Quiet talk with T. yesterday, mostly about Anna’s suicide. He encouraged me, gently, to write about it, which I have stumbled around with doing but keep stopping because it feels so fraught– like following this Ariadne’s thread through a labyrinth of trauma and pain that ends up in a center of senselessness no one should ever wish to visit, and where the maze itself is all made up of these barely glued pieces of family and relationships and the guttered underbelly of the psyche. To use suicide to anchor anything seems misguided somehow, and yet there it remains, stubborn in its negation.

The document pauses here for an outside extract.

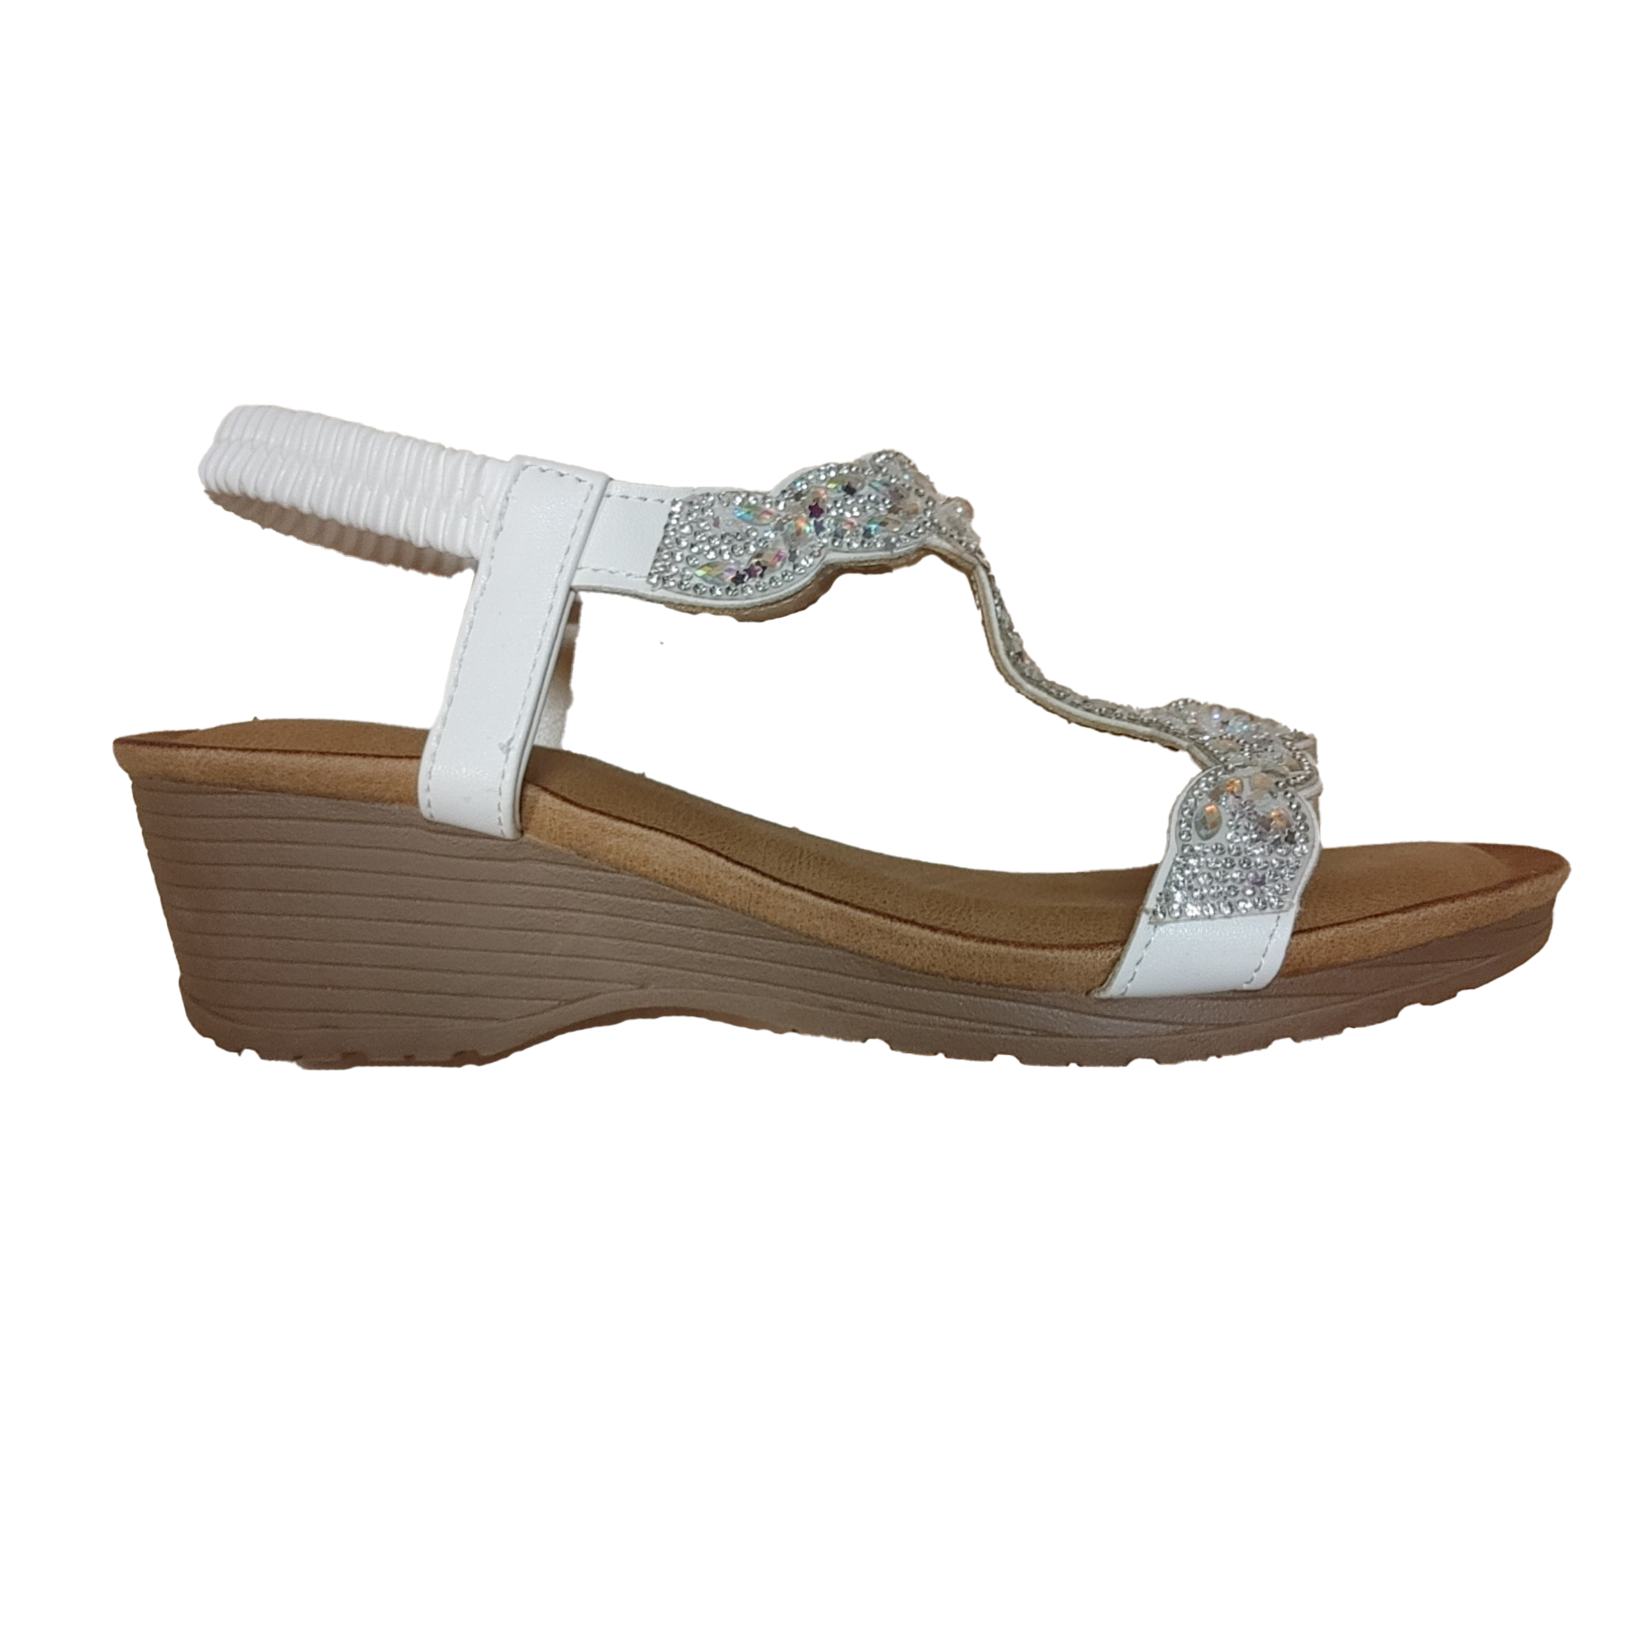 Miss Sweet Miss Sweet wedge sandal with rhinestones and wrap around ankle, sandals

Annapurna died the week of Thanksgiving, 2019. That week was the last time I ever drank, days after her last stuttering heartbeats, when we were all supposed to be celebrating a family holiday and all I wanted was to forget. I woke up the next morning hungover and miserable, with the ringing awareness that in trying to escape I’d only been following the same dark path that had ended up swallowing her; with the unsettling awareness that to feed one demon is to feed them all.

Anna told me one night when she was fifteen– back when we shared a room, and, more often than not, a bed– that one day she intended to kill herself. Her tone then was less one of heavy depression than it was fierce defiance and vicious black humor, a teenage desire for some sort of violent control over her personal fate. And that is what I remember most: that there was always so much fight in her, exploding through music and poetry and drama and art, fueling her haphazard path through New York and Estonia and London and South Africa, the laughingly cruel way in which she’d leave her latest adoring boyfriend without so much as a note, disappearing into the next adventure– which were typically filled with house fires and broken noses; car wrecks and concerts; crash pads and DIY tattoos.

I told T. that I think sometimes about retracing her journey, from Vancouver to London to Colorado, Providence to Portland to New York, Estonia to Kansas to Greece, and god knows where else in between, to pick up the threads of her life, to collect whatever variations on her memory remains– but what value is there in chasing such a ghost? I told T. I dream sometimes of smearing myself in her ashes and dancing like a banshee in one of her hats and tattered dresses– but what value is there in courting such possession? And so there is nothing to do but sit with it, the way that sisters do, remembering the way we used to whisper in bed together, braiding each other’s hair.

fleurs.

matins.

Can we slow down? I awaken before morning with a faint title suspended– A Users Guide to the Sublime— and the idle desire to manufacture a manual for the artful navigation of non-ordinary space. But it is all symbol and all metaphor and I am wary of the human tendency to literalize; to reify; to take the language of anything of as sacrosanct. Better remove, better undo, better refine.

We are not eternal but the animating forces that move us are. The thrill in opening to them; in soaring like a sailbird along various and unseen planes; in the breathtaking brevity of life in this form.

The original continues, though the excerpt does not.